Similarly, we can see how right now the dream is informing our struggle for the full civil rights of the LGBT part of our community here in Rhode Island, where today so many of us are working so hard for marriage equality. Both dreams are parts of the great dream, struggles to birth into the world something so profound, so lovely.

And so the question, what is it that these struggles are manifestations of? What is the deep dream of the human heart that calls us to work for racial justice, to work for civil rights for gay and lesbian and transgendered people? Well, in his “I Have a Dream” speech, Dr King sang it out to us. “We are caught in an inescapable network of mutuality, tied in a single garment of destiny.” Here we find the dream, the deep dream, dreamed into our lives across cultures and throughout time from the deepest place of our hearts, from the most profound knowing of our beings. This is the truth. We are all caught up together more intimately than words can ever convey.

And it really is a universal dream. No religion owns it, although all partake of it. And, honestly, some articulate it better and more completely, although also which is better is often a bit different for each of us. Recently a friend commented how while he found the Christian and Jewish and Muslim mystics speaking of all being one a valuable pointer on his own way to knowing the deepest, he found the Zen Buddhist expression not one, not two in fact a little more helpful. And there is something important in these different expressions. There are dynamics within our unity. It is not static. And so, in some ways Dr King’s expression of it being like a network can be more helpful. And then, sometimes we do find it more like a garment, the sense of our connection, our feeling quality of it, sometimes put on, sometimes dropped off.

I’ve recently been pointed to the work of the emergent church Christian theologian Brian McLaren, one of the new crop who along with Rob Bell are condemned by other Evangelical and Fundamentalist Christians as universalists, or close enough so as not to make any real difference. I admit. Anyone accused of universalism is interesting to me – because, universalism is another way to speak of that great dream of our essential unity.

Anyway the Reverend McLaren was asked, well, what about the Unitarians, the Unitarian Universalists? In his response he was for the most part generous with us. He saw how we’ve walked away from the problematic assertions of the orthodox Christian church out of which we come, but also noted “a religious community (which) deconstructs without reconstructing will put it at a disadvantage.” That said, he also sees things going on, he sees us in the act of reconstructing, of finding our expression of the deeper truths, and joins with that other interesting Christian theologian who knows us well, John Cobb, observing how they believe “the best contributions of (the) Unitarians are in their future, and what they can be has not yet been fully manifested.”

I would say we’re further along in that reconstruction than they appear to think. We are beginning to articulate it in very interesting and, I believe with all my heart, useful and compelling ways. Some thirty years ago when the UU Women’s Federation began the conversation which would culminate in our current Statement of Principles and Purposes, not as a creed, something believed to be for ever and ever and which one must sign on to, to belong, but as something descriptive, a snapshot of what the larger number of us do see as deeply true and compelling, two assertions stand out. While I think each problematic by itself, taken together we have our way, our future, our unique and valuable expression of the ancient dream.

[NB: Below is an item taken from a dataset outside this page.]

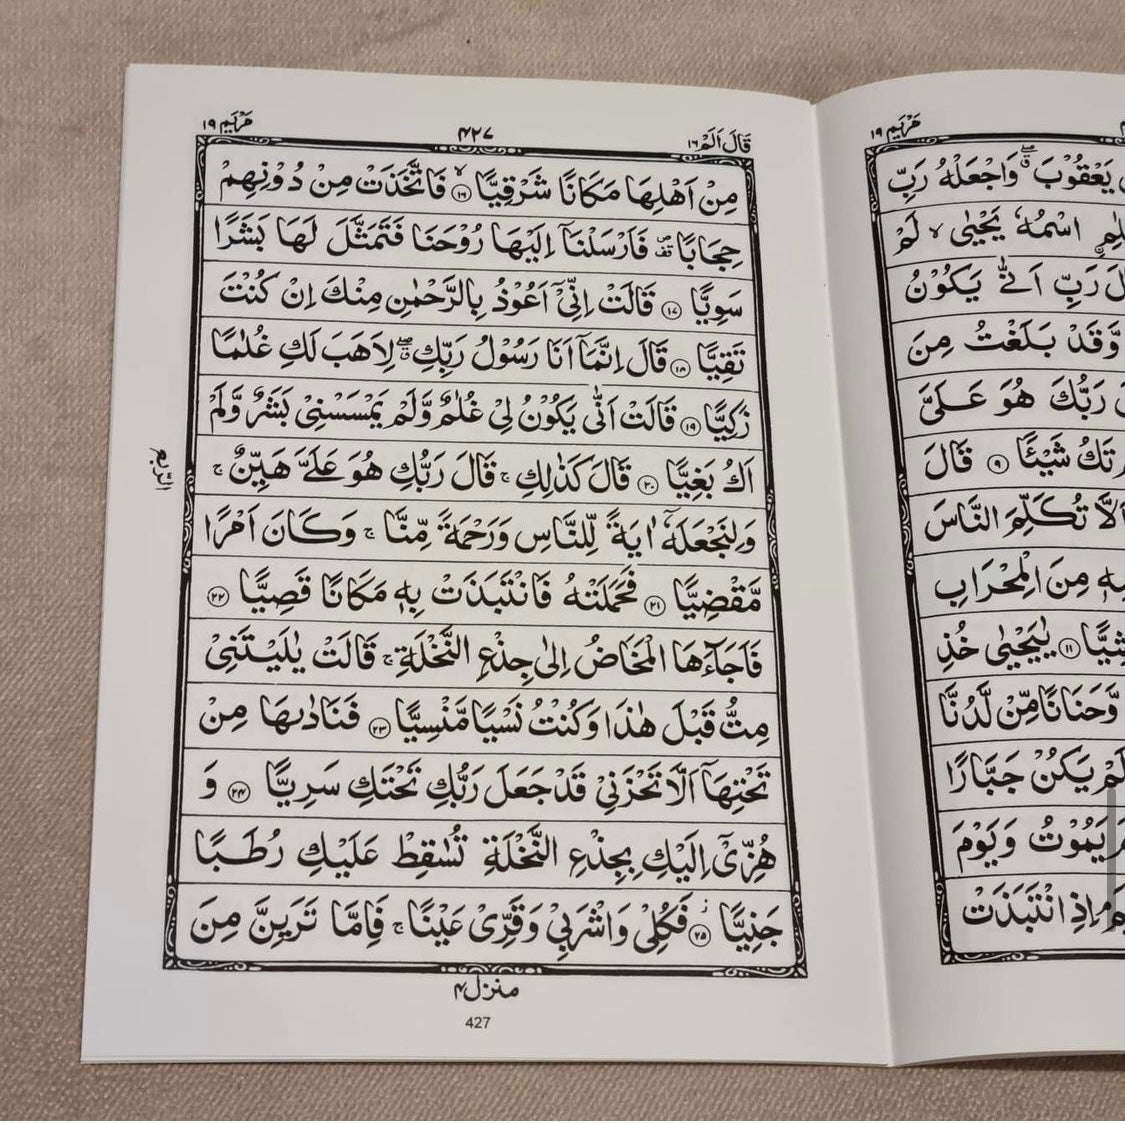 Grey Marble Single Para Quran &amp; 41 Yaseens Stel A5

You, and you, and you, and me; each and every one of us are born precious and unique, a gift into the world. And, equally true, we are birthed out of and of the world, each of us related to everyone and everything. Here we have a new speaking of the great dream sometimes called one, sometimes called neither one nor two. We have found the secret of who we really are, or, rather some part of us saw it, spoke it, sang it, and we now can hear it, and we can from that hearing, live it. This is a way of life. It is a healing message, and a map for us to follow.

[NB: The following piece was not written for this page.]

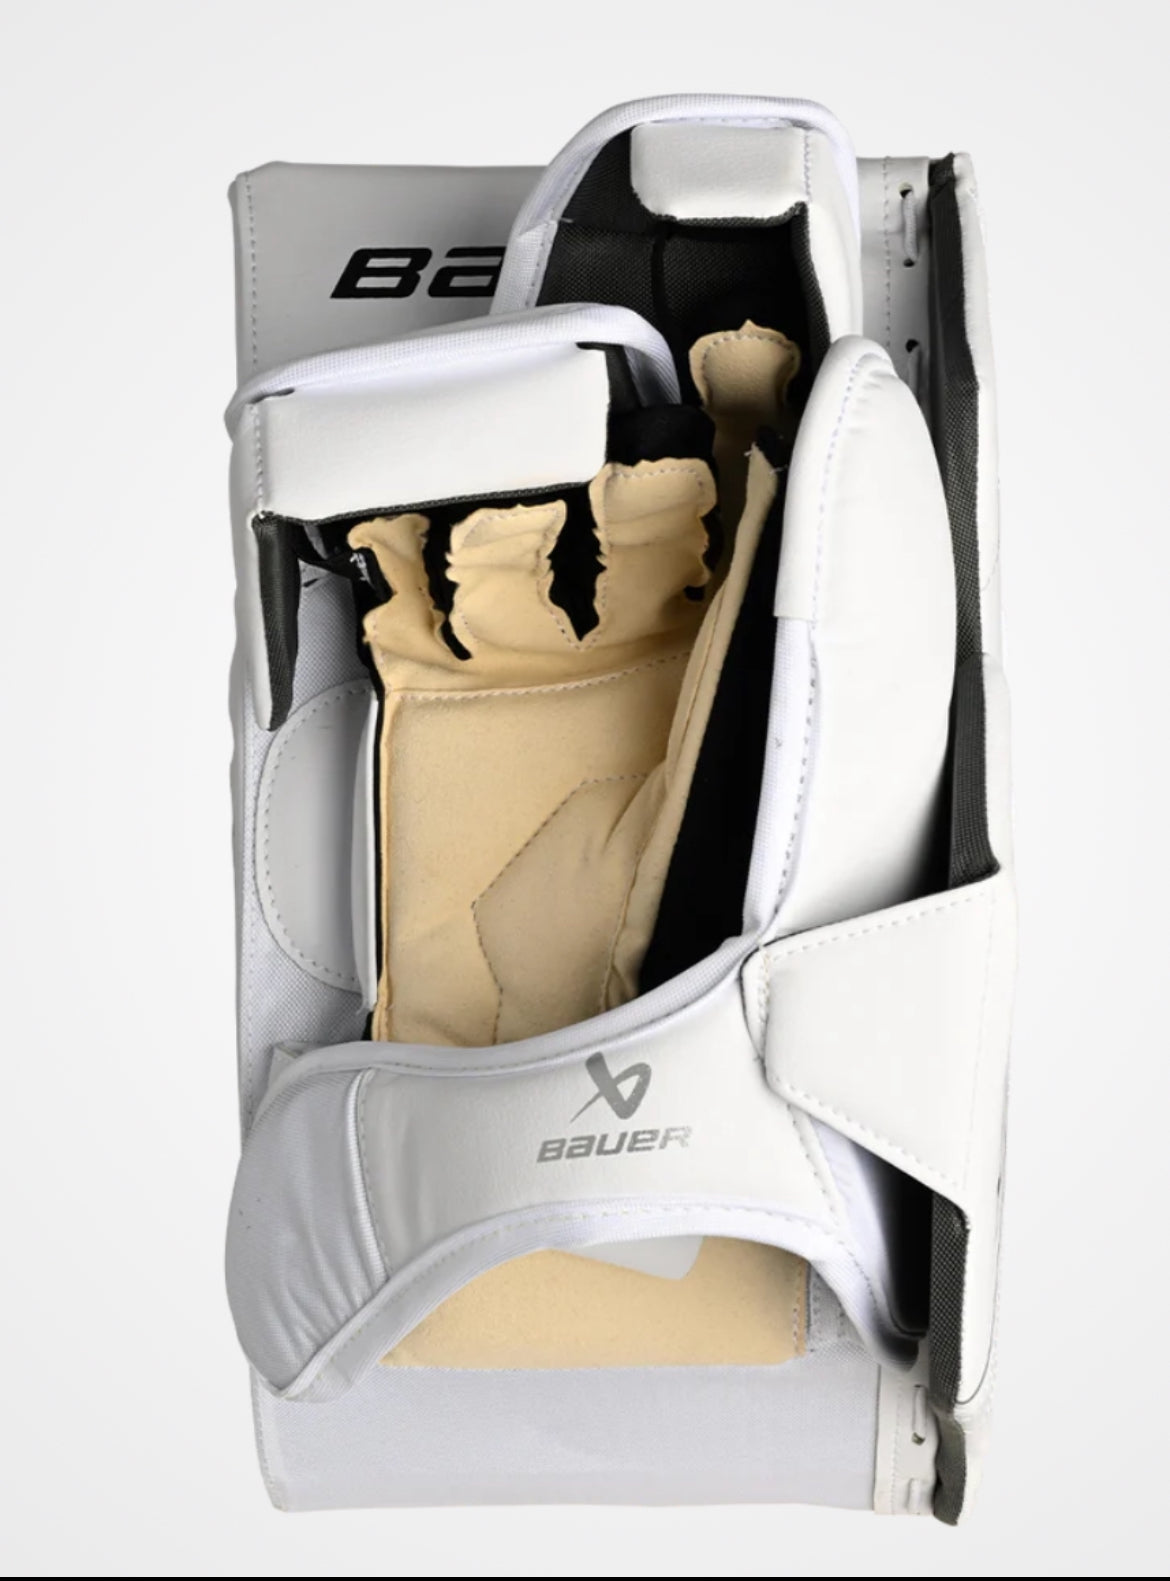 Bauer Sr. GSX Goalie Glove & Blocker Set - White

Here is “good news” worth proclaiming. And within this Meeting House, we do. It is the deep dream that drove Dr King into a lifetime struggle and even to an assassin’s bullet struggling for the full civil rights of people of African descent, who we know are our people, us. It is what drives many of us today to put it on the line in the struggle for full civil rights for gay and lesbian and transgendered people, who we know are our people, us. It is what calls so many of us to seek ways to resolve the turmoil of immigration in our country today, to bring people in from the shadows, and to the full possibilities of a healthy community, knowing they are our people, us.

Edgar Allan Poe, who visited this neighborhood as he was courting a Unitarian, and so I suspect may have sat in one of these pews at least on one occasion, observed “Those who dream by day are cognizant of many things which escape those who dream only by night.” We dream this great dream from sleep and waking into reality week after week within this community.

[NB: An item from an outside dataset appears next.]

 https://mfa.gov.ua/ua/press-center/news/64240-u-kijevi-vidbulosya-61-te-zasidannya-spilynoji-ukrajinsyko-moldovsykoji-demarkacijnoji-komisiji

And dreaming into reality, we find many concerns arising. Coming to know community and our own place. Raising our children. And work. Lots of it. Feeding the hungry, clothing the naked, seeking housing for those without homes, and helping to protect those in danger of losing their homes. And, most dangerously, also, out of that deep dream, asking why these things happen. Dreaming dreams, dreaming the dream, at night and during the day, and living it out into the world, our dangerous calling.

My experience is that we sometimes hear the word and it resonates and we know its truth. Mostly, however, we hear in part, something we hear or experience strikes us as true and it becomes a notion or intimation. It is a small flickering flame that needs fanning, careful encouragement into a great fire. And that’s another important part of why we are, we, this gathered community of religious liberals, come together. Here we find opportunities, things we can do pointing our minds and hearts toward our own ever-deeper experiences of the dream. Here I hold up our meditation groups and our chalice circles as very important aspects of our shared lives. Really important.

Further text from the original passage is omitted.